The easiest way to address this is to delete and re-create the container. All of your configuration will be preserved.

Run the following commands to stop AdGuard Home and remove the existing container.

  • docker container stop adguardhome
  • docker container rm adguardhome

Recreate the container with the following:

docker run --name adguardhome \
-v adguard-work:/opt/adguardhome/work \
-v adguard-conf:/opt/adguardhome/conf \
-v /etc/letsencrypt/live/dns.labzilla.io/fullchain.pem:/etc/letsencrypt/live/dns.labzilla.io/fullchain.pem \
-v /etc/letsencrypt/live/dns.labzilla.io/privkey.pem:/etc/letsencrypt/live/dns.labzilla.io/
-p 443:443/tcp \
-d --restart unless-stopped \
adguard/adguardhome

You’ll notice that in this new configuration, only port 443 (HTTPS) is open to the outside world.

Test it out

You should see entries filling up the query log in AdGuard Home.
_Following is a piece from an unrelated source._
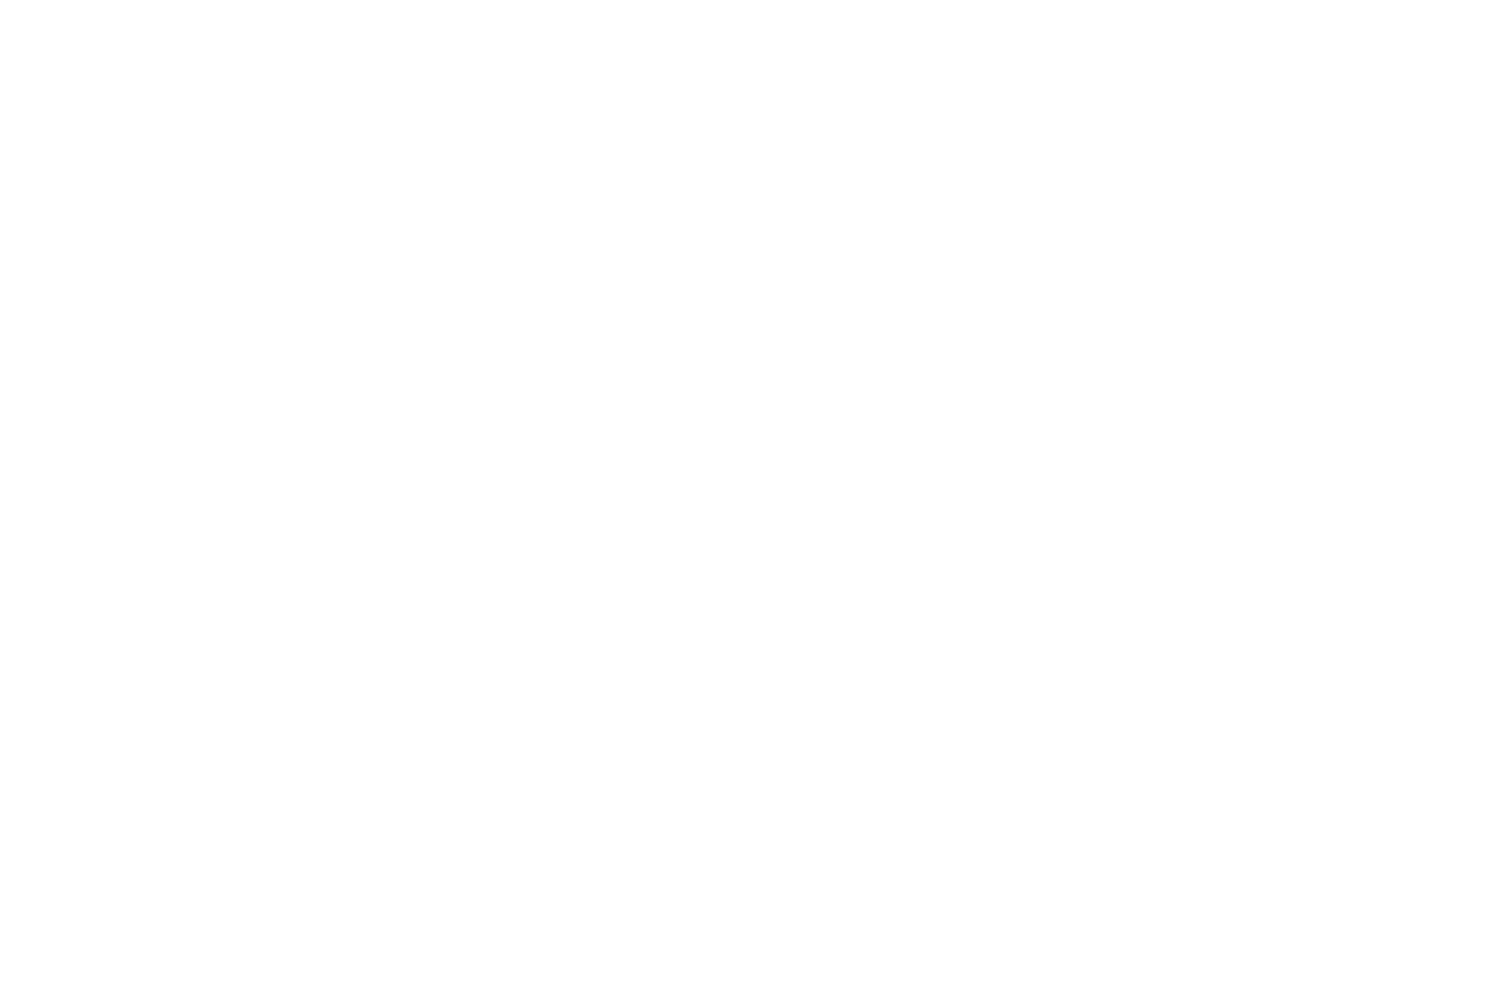 Carine Van Hee

If you don’t, double check to make sure the configuration profile is installed, and then check Settings > VPN & Network > DNS to make sure that your device knows to use your new AdGuard Home server for DNS queries.

Removing the profile

If you need to completely remove the DoH configuration profile from your device, it’s relatively straightforward.

  • iOS/iPadOS: Go to Settings > General > Profiles and Device Management. Locate the profile, and tap Remove Profile.
  • macOS: System Preferences > Profiles. Locate the profile, and click the minus icon to remove it.

Advanced configuration

AdGuard Home generates a very basic configuration profile that enables DNS over HTTPS on iOS/macOS devices. The profile that is generated is always on, unless you manually turn it off by switching back to automatic DNS settings.

You don’t have to use the configuration profile that AdGuard Home generates - the DNS query string (https://dns.labzilla.io/dns-query) is the important part. You can create your own configuration profile (or modify the one AdGuard Home generates) to create more complex rules. For example, the configuration profile I currently use is set up to automatically switch back to the DNS server provided by my router’s DHCP server when I’m on my home network.